Flowers with photographs in place at the site where three Manu'a Store employees died

Pago Pago, AMERICAN SAMOA — The US Occupational Safety and Health Administration (OSHA) has closed its case against Manu’a’s Inc., dba Manu’a’s Discount Store, after the locally based company paid the penalty of over $35,000, according to spokesperson with the US Department of Labor (USDOL), whose agencies include OSHA.

The legal dispute — which landed in a federal appeal’s court — is in connection with the deaths of three men, who were electrocuted at Manu’a’s compound at the Tafuna industrial Park back in 2017. One other man was hospitalized with serious injuries resulting from electrocution.

As previously reported by Samoa News, Manu’a’s Store had appealed to the Washington D.C. federal appeals court a decision more than a year ago, by the Occupational Safety and Health Review Commission (Commission) which affirmed an OSHA penalty imposed on the Manu’a Store.

In January this year, the U.S Court of Appeals in Washington D.C. “denied” Manu’a’s Store’s petition to review the “final order” issued by the Commission. (See Samoa News edition Jan. 29th for details.) Manu’a’s Store didn’t file any response to the court ruling on the appeal, according to court records.

OSHA online public records, as of last Friday, show the Manu’a Store case as “closed” and final total penalty of $35,492 for four “serious” violations — $8,873 is the penalty for each violation.

Responding to Samoa News inquiries, a USDOL spokesperson points out that the federal appeals court denied Manu’a Store’s petition for review of the Commission decision.
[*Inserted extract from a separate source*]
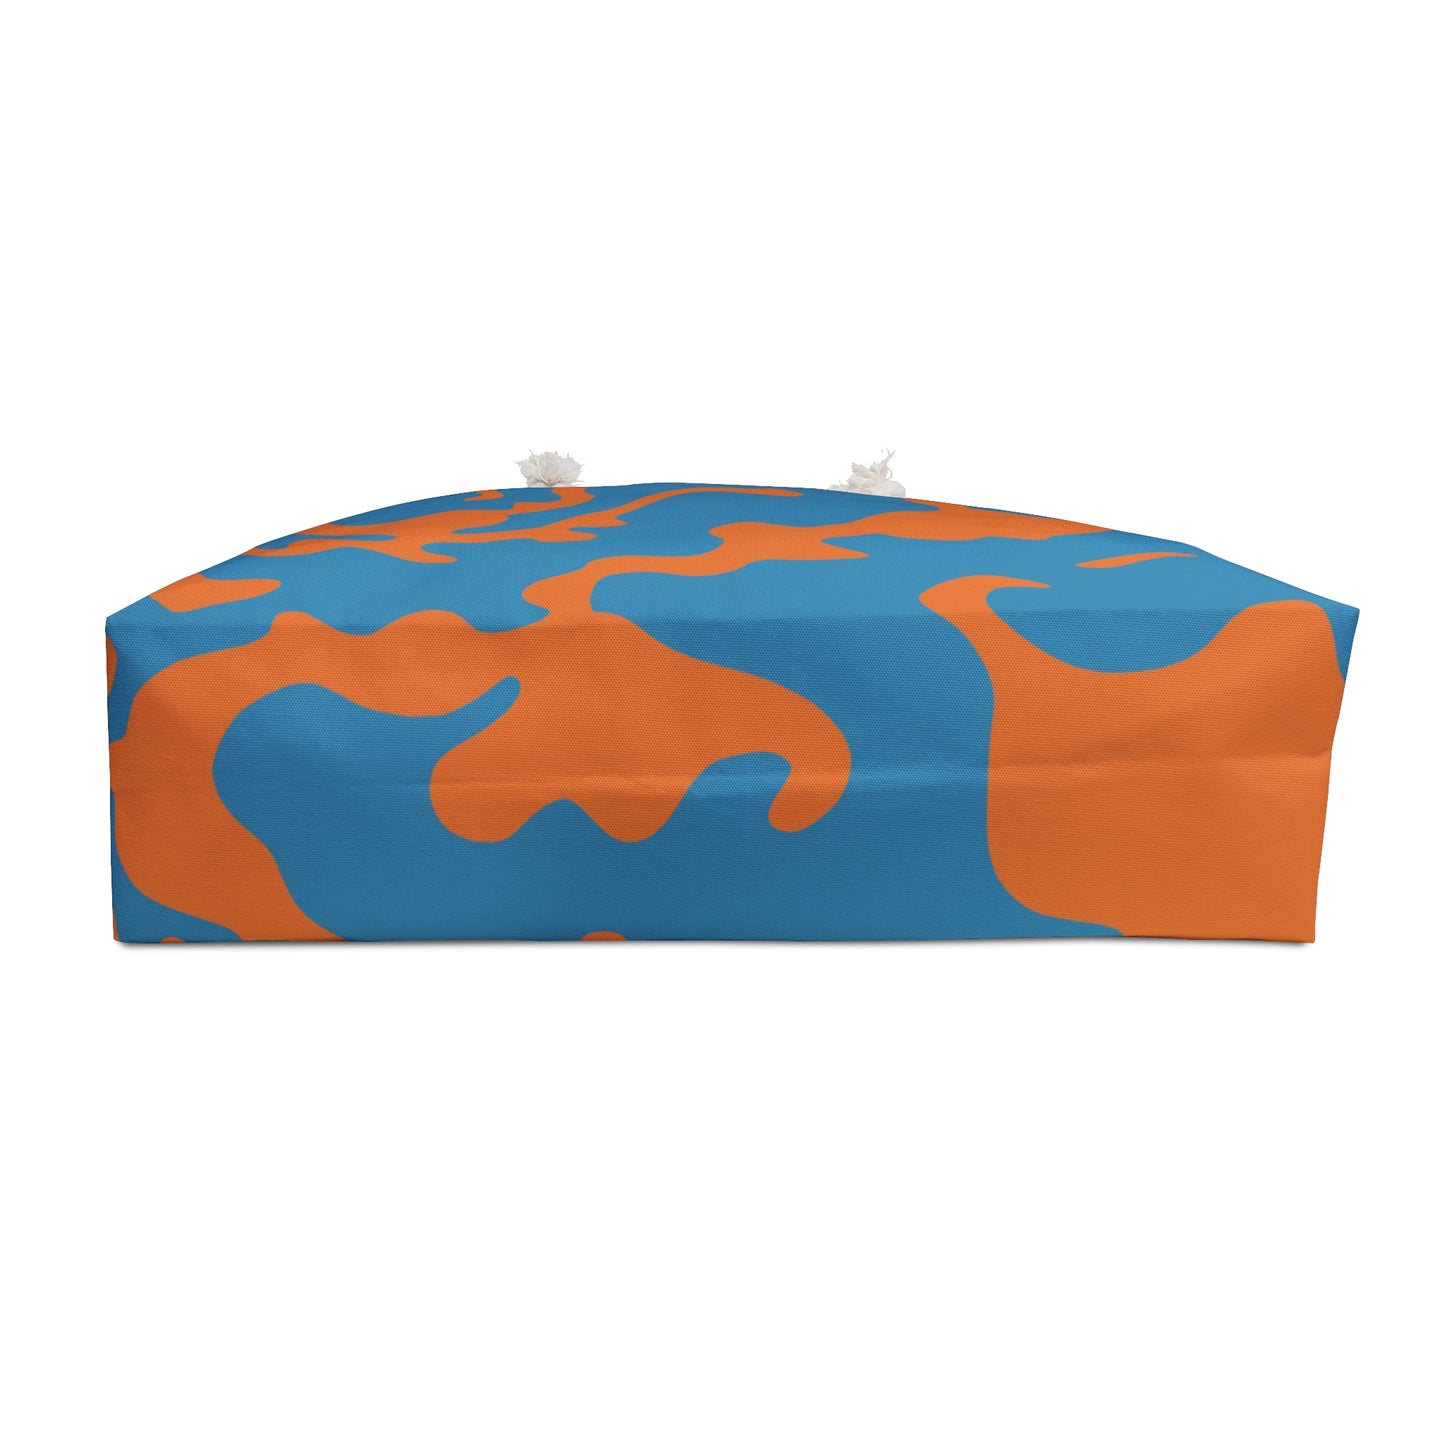 Weekender Beach Bag | All Over Print Bag | Camouflage Blue & Orange Design

And that the “employer paid the full issued penalty of $35,492, and the case is closed,” the spokesperson said Monday but didn’t elaborate as to when the penalty was paid.

USDOL points out that that all employers are required to comply with the applicable provisions of the Occupational Safety and Health Act of 1970, and the applicable safety and health standards promulgated pursuant to the Act to protect their employees.

A USDOL summary investigation report states that around 11a.m Jan. 14, 2017, three Manu’a Store employees were unloading and staging structural metal beams with a boom truck crane at the Tafuna Industrial Park store location.

The truck mounted crane was unloading steel beams from an open top container when the boom truck cable touched a high power line causing electrical current to flow down the steel beam into the arms and bodies of the three employees, who were on the ground.

“All three employees were electrocuted,” the investigation report states. Samoa News notes that the incident occurred at the time when Manu’a Store was conducting a construction project at the Tafuna site and had contracted Jersey Corporation dba Asia-Pacific Engineering and Construction Services, Inc. (APECS) to address the crane safety standards at issue.

OSHA reached a “formal settlement” in June 2018 with APECS. Total civil penalty is $14,197.

Manu’a Store had argued - among other things - that it should not be held responsible for addressing safety crane standards, as that is the responsibility of its contractor.

Federal attorneys for USDOL argued in court filings that the “undisputed record evidence establishes that Manua’s failed to assess its worksite for power line safety or identify a crane’s work zone,” which resulted in violation of federal labor law, and Manu’a’s “did not train its employees on safety procedures when working with cranes around power lines.”